Included in these assets at September 30, 2006 are $8.3 billion of assets held through the 20 collateralized debt obligation, or CDO, Issuers we have sponsored, including $1.4 billion in four CDOs sponsored for RCC, and $1.9 billion held in warehouse facilities for CDOs which had not closed as of September 30, 2006 for which we have been engaged as the collateral manager.
 
We attract investment funds through the sponsorship of investment vehicles, including CDO issuers, public and private investment partnerships, TIC programs and a real estate investment trust, or REIT. We arrange for the funding of these vehicles through short, medium and longer-term bank financing, CDO issuances and equity investments. We believe that we have developed a unique combination of origination channels to provide such funding, including a network of international investment banks for our CDOs, international and national banks and investment banks both for our short, medium and longer-term debt financing and for equity financing of RCC, and a national network of independent broker-dealers for our investment partnerships and TIC programs.

4

 
Our assets under management are primarily managed through the investment vehicles we sponsor. As set forth in the table below, the number of investment vehicles we have sponsored grew significantly in 2006:
 
   
CDOs
 
Limited Partnerships
 
TIC Property Interests
 
Other Investment Funds
 
As of September 30, 2006 (1)
                 
Financial fund management 
   
19
   
11
   
   
 
Real estate 
   
1
   
5
   
4
   
 
Commercial finance 
   
   
2
   
   
1
 
Resource Europe 
   
   
   
   
 
     
20
   
18
   
4
   
1
 
As of September 30, 2005 (1)
                         
Financial fund management 
   
11
   
9
   
   
 
Real estate 
   
   
4
   
1
   
 
Commercial finance 
   
   
2
   
   
2
 
     
11
   
15
   
1
   
2
 
 

 
(1)
All of our operating segments, except for Resource Europe, manage assets on behalf of RCC.

Financial Fund Management

General. We focus our financial fund management operations on the sponsorship and management of CDO issuers and the management of RCC. We conduct our financial fund management operations through three principal subsidiaries:
 
 
·
Apidos Capital Management, LLC, or Apidos, which invests in, finances, structures and manages investments in bank loans.
 
 
·
Ischus Capital Management, LLC, or Ischus, which invests in, finances, structures and manages investments in asset-backed securities or ABS, including residential mortgage-backed securities, or RMBS, and commercial mortgage-backed securities, or CMBS.
 
 
·
Trapeza Capital Management, LLC, or Trapeza, a joint venture between us and an unrelated third party, which originates, structures, finances and manages investments in trust preferred securities and senior debt securities of banks, bank holding companies, insurance companies and other financial companies.
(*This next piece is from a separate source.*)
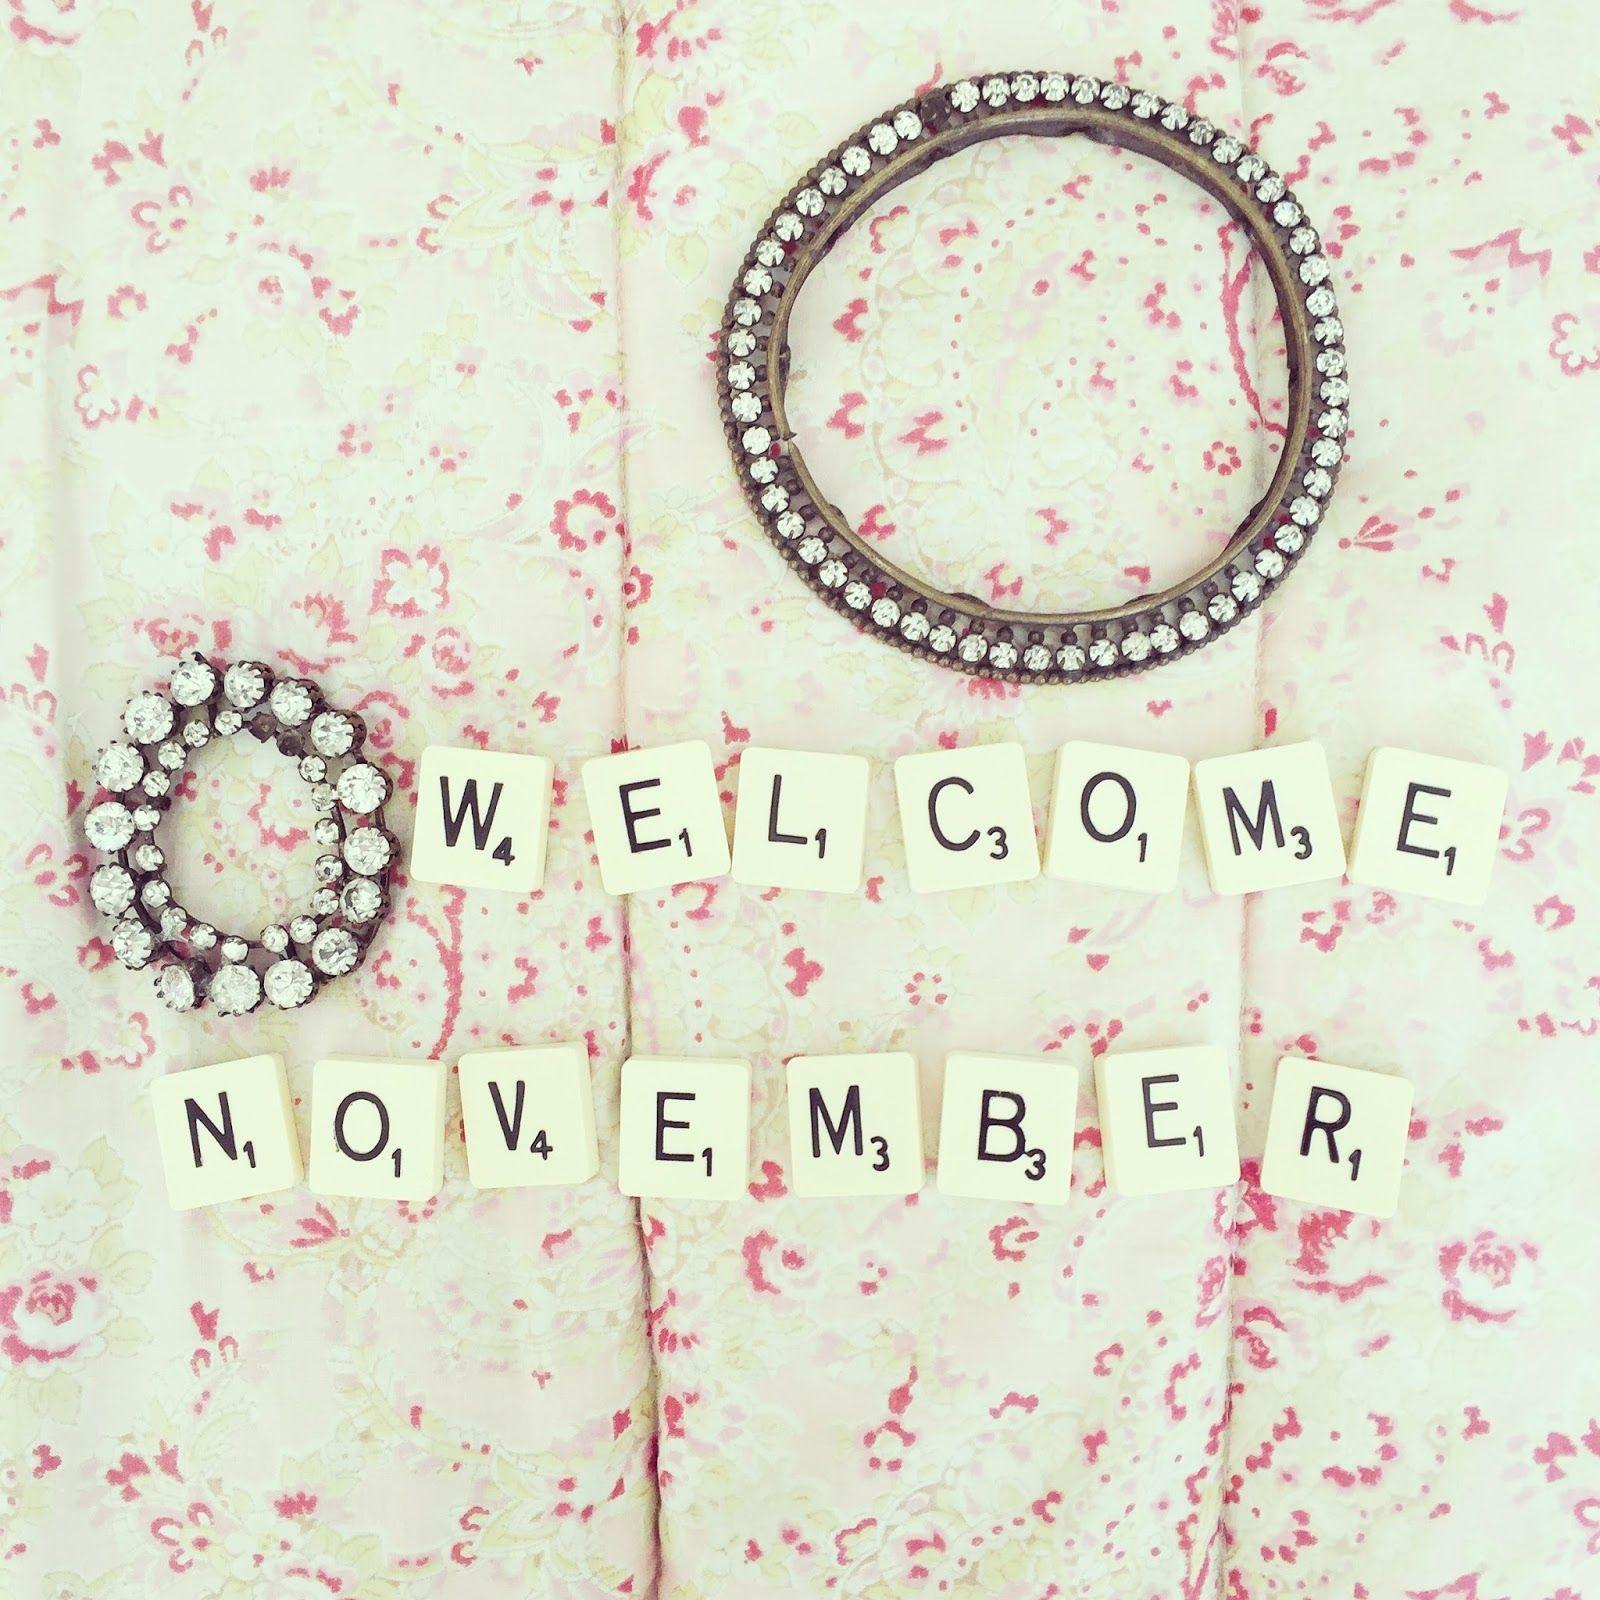 Welcome November #welcomenovember Welcome November #welcomenovember Welcome November #welcomenovember Welcome November #hellonovemberwallpaper

CDOs. In general, CDOs are issued by special purpose entities, which we refer to as CDO issuers, that hold portfolios of debt obligations. A CDO issuer typically issues two or more series of CDOs of different seniority, as well as equity (sometimes referred to as “preference shares”) to fund the purchase of a portfolio of assets. The series of CDOs are typically rated based on portfolio quality, diversification and, among the series of CDOs being issued, structural subordination. The equity issued by the CDO issuer is the “first loss” piece of the CDO issuer’s capital structure, but is also generally entitled to all residual amounts available for payment after the CDO issuer’s obligations to the holders of the CDOs have been satisfied.
 
      We have focused on the sponsorship of CDO issuers whose CDOs are backed by assets purchased through Ischus, Apidos and Trapeza and the management of their assets. We acquire assets for our CDO issuers principally in transactions with the issuers of those assets, and are responsible for the evaluation of assets proposed for inclusion in the CDO issuer’s portfolio. We analyze the creditworthiness of the issuers of the portfolio assets, the assets themselves and the asset servicers through a credit committee made up of individuals with expertise in the targeted asset class. CDOs must be rated by one or more rating agencies in order for them to be eligible for many of the institutional investors to whom they are marketed; accordingly, we apply rating agency standards when evaluating assets for inclusion in a CDO issuer’s portfolio.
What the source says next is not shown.